News & Analysis

Recession may Bypass India, says HUL Chief

With economic growth predicted at 6-7% over fiscal 2023 and demand remaining robust, India could well avoid the worst of the global recession

India could side-step the worst of the recessionary trends that the rest of the world, especially Europe and North America are witnessing, feels Hindustan Unilever (HUL) managing director Sanjiv Mehta. He points to the robust growth of between six to seven percent predicted by the Reserve Bank and the government as reasons for this. 

In fact, Mehta feels that such a growth rate was quite an achievement, given the headwinds India is facing from global macroeconomic cues. All credit should be given to the RBI and the central government for keeping things simple and steady in spite of the challenges that keep piling up, he says in an interaction with ET. 

 

RBI and government did well 

So long as the government and the central bank focuses on keeping inflation under check and ensuring that the economic activity stays steady, India can skirt the worst of the impact of the global recession, he says. He says at midpoint through a fiscal year, not too many economies could confidently predict a 7% growth rate, which is where India has stayed ahead. 

Close to two-thirds of CEOs in India actually do anticipate a recession over the next 12 months, says a KPMG study but this number is still much lower than the 86% of global business leaders who think the worst is yet to come. Most industry leaders in the IT business predict lower billing from global customers, which is what makes them seek out new short-term customers. 

 

HUL is witnessing low growth 

From Hindustan Unilever’s point of view, the company posted 16% growth in sales for its two top brands of detergents and toilet soaps, though this was more due to higher prices as volume growth was restricted to about 4% during the second quarter. It is quite natural for FMCG companies to be the worst affected when banks hike interest rates to suck money from the system as part of inflation control measures. 

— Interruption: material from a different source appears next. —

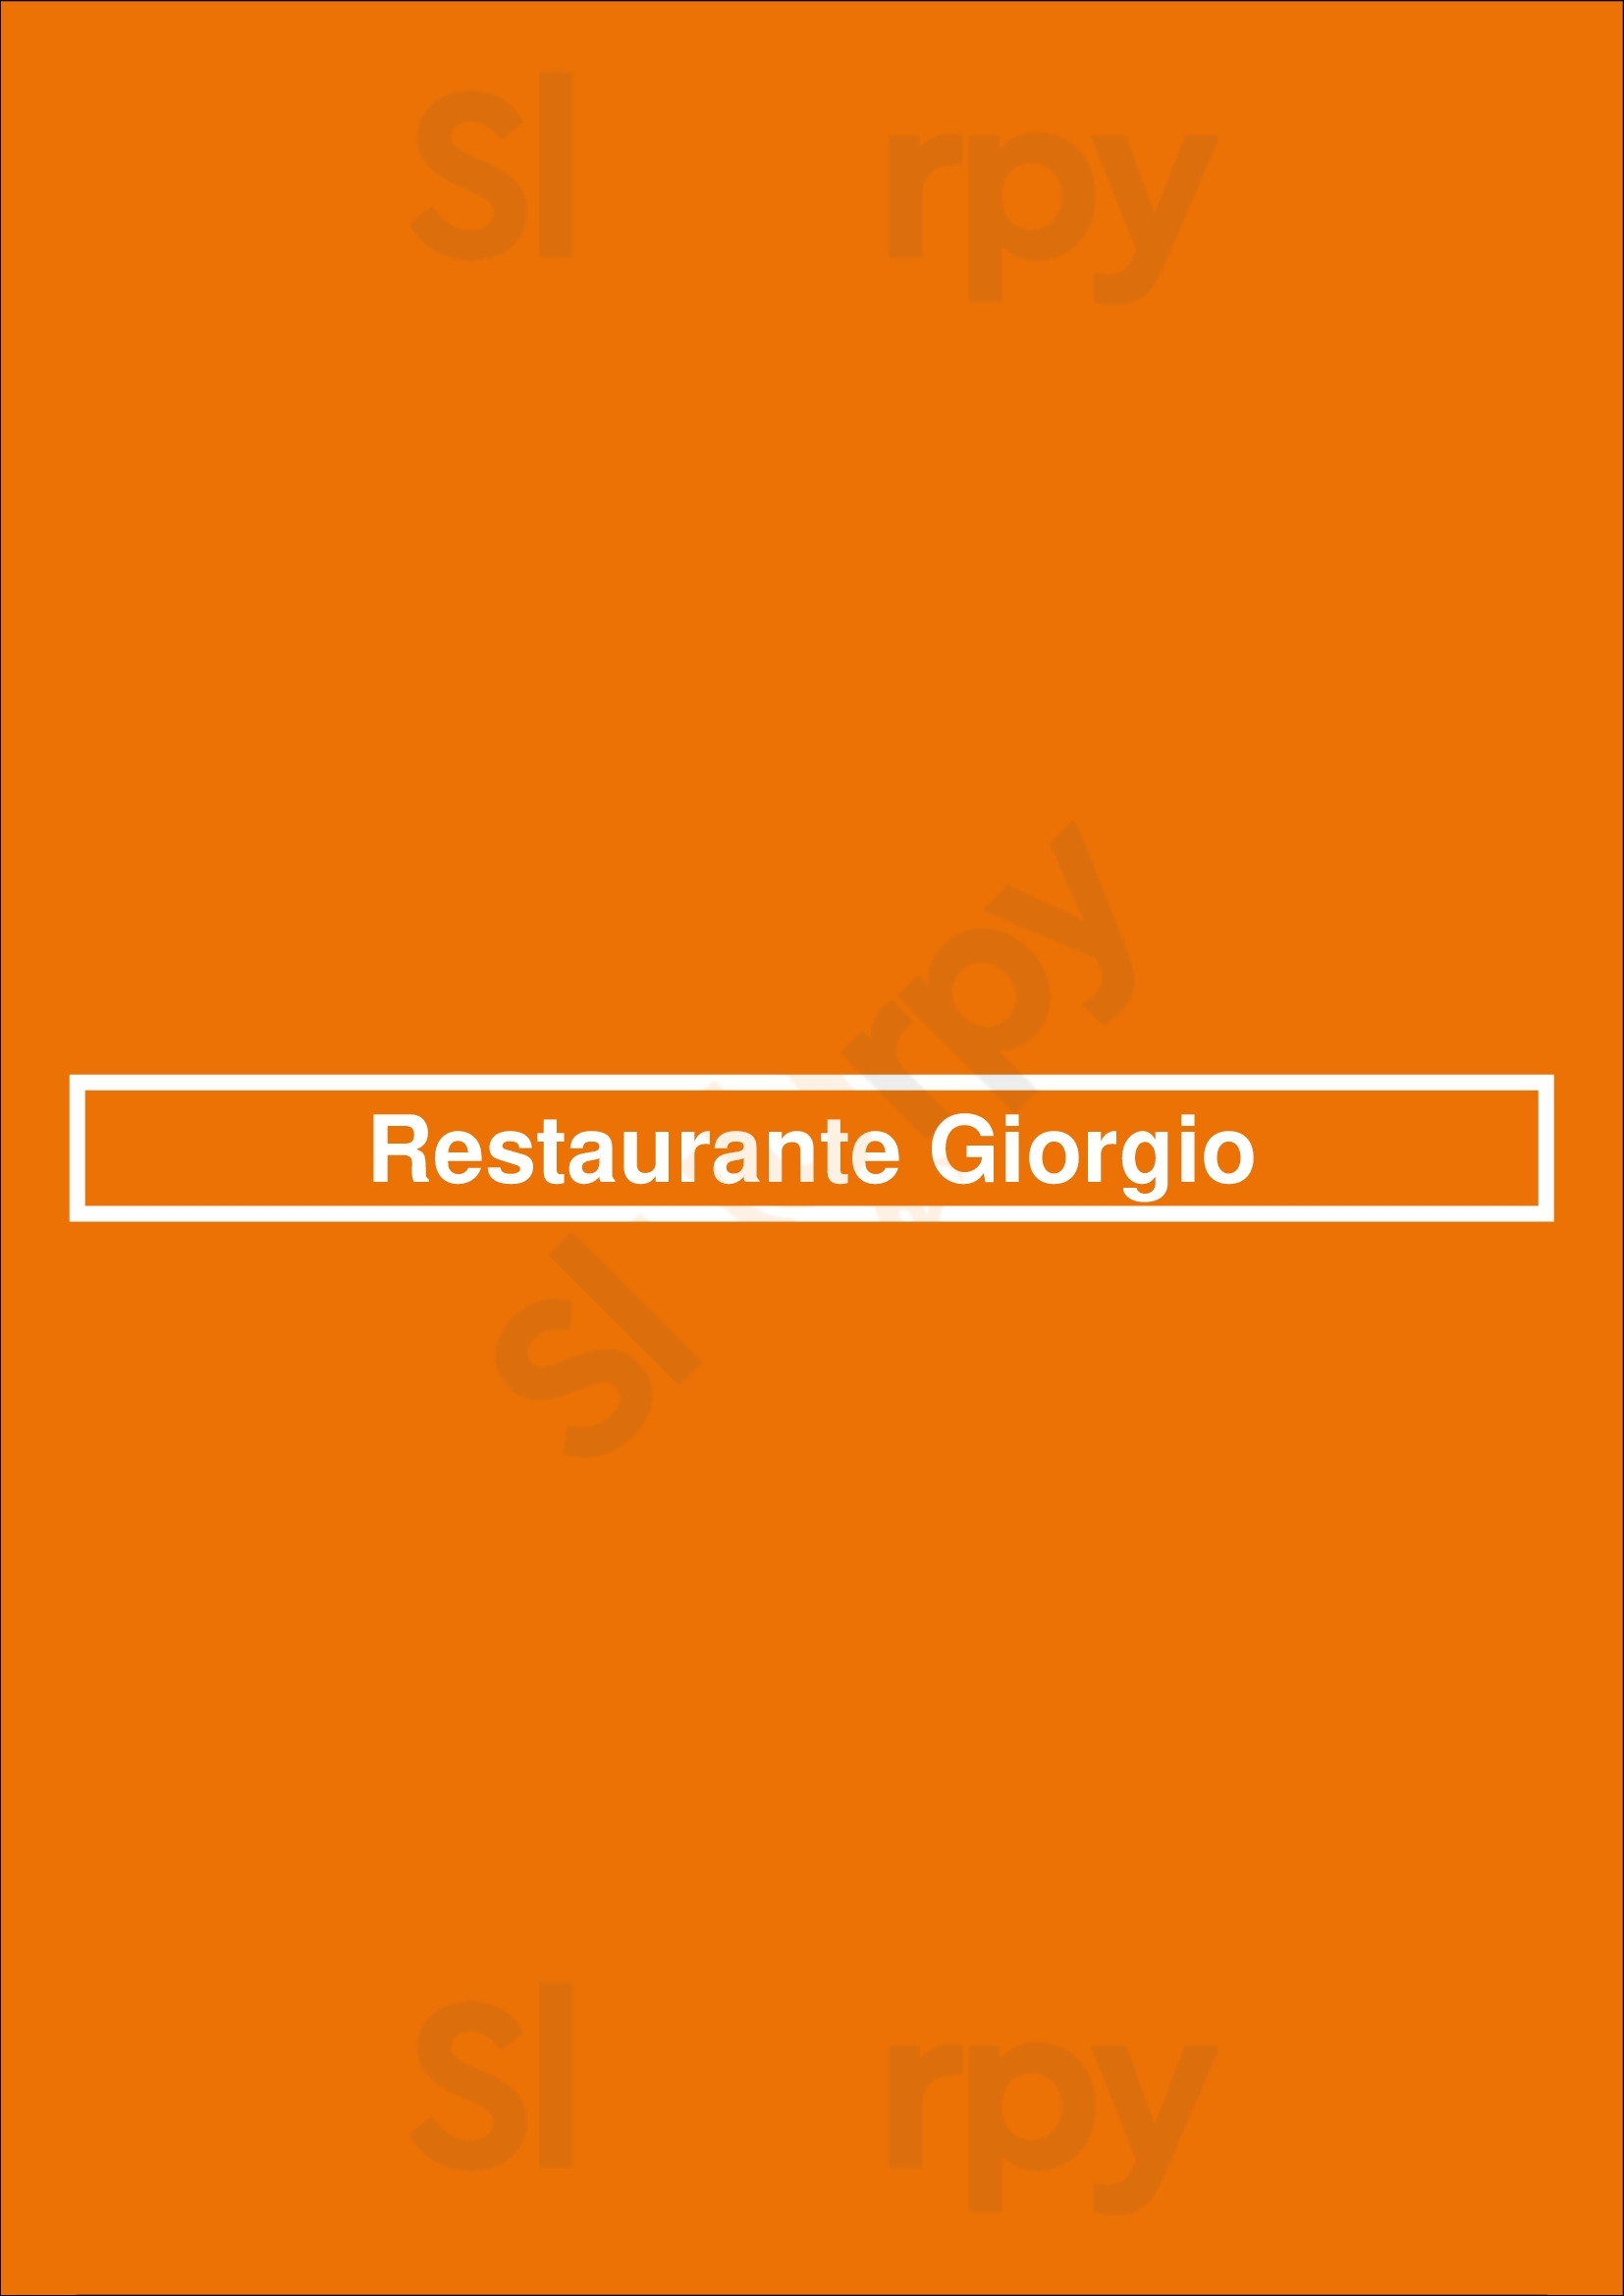 Restaurante Giorgio Lloret de Mar Menu - 1
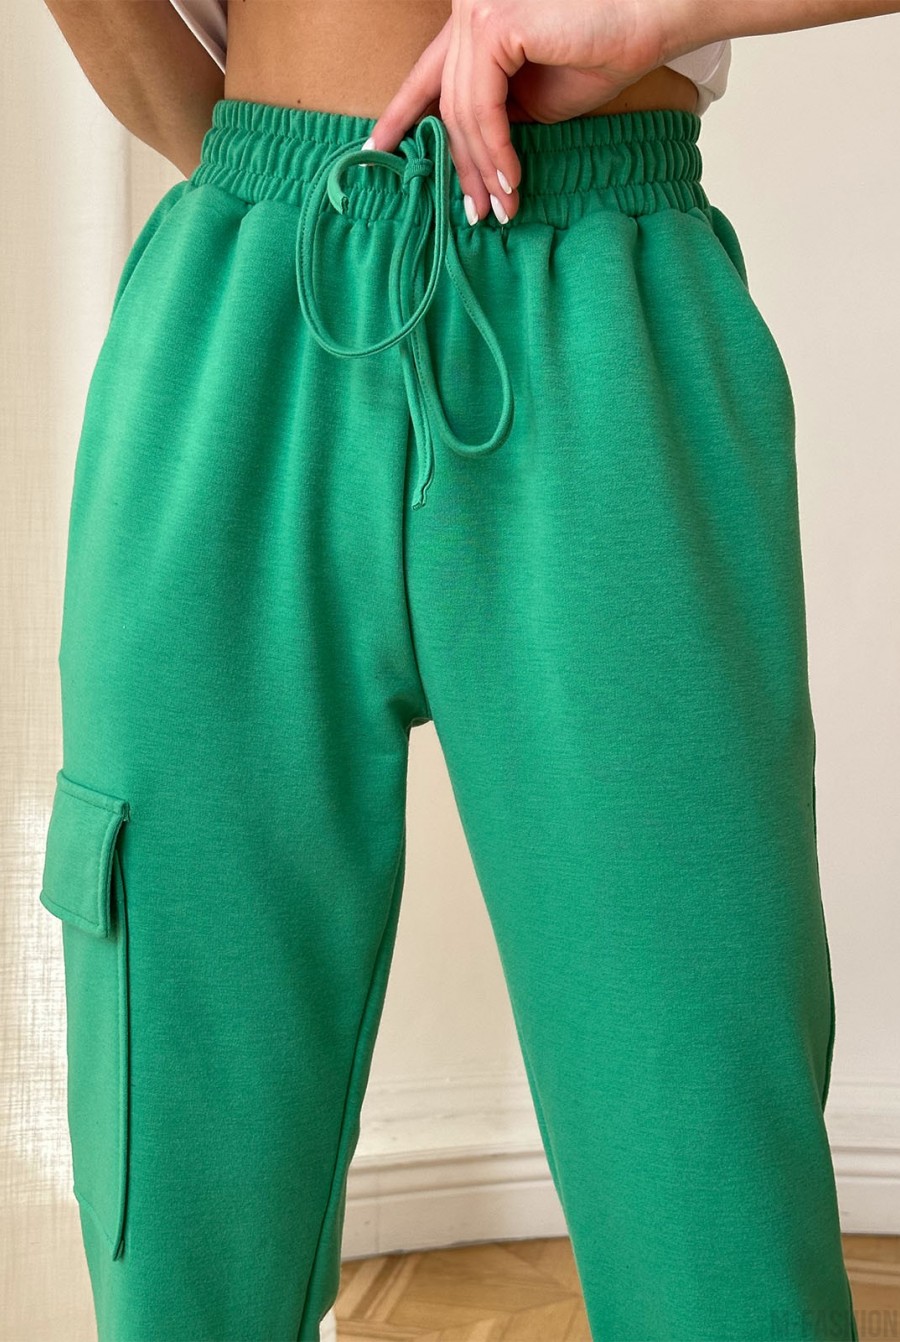 Зеленые трикотажные штаны карго - Фото 4

This is what makes most FMCG companies resistant to recession where offtake remains by and large steady, given that their portfolio of offerings are mostly daily consumption products ranging from toiletries to food and everything in between. However, there’s no way these companies are recession-proof, which is why they serve as a quick barometer for economic activity. 

The HUL CEO said the company’s net inflation stood at 22% as on date and that it would be tough to predict the direction it would take over the next couple of quarters. He felt the rupee’s weakness against the dollar also was taking a toll, as well the burgeoning oil prices fuelled by the Russia-Ukraine conflict. In fact, Mehta believes the government’s smart moves around oil imports in recent months helped curtail inflationary pressures considerably. 

Readers would recall that consumer inflation (as against wholesale inflation) rose during April-May this year as companies jacked up product prices by as much as 15 to 20% or simply reduced the package sizes. These numbers rose once again in September, resulting in sales volumes declining by close to 10% in rural areas – usually a benchmark for nationwide offtake. 

HUL is expecting demand to pick up following the festive season sales as well as an expected moderation in inflationary pressures. However, the foodgrain output for the Kharif season could be a deciding factor around which this trend would play out between now and March, the official said while reiterating that the headline growth was still holding on.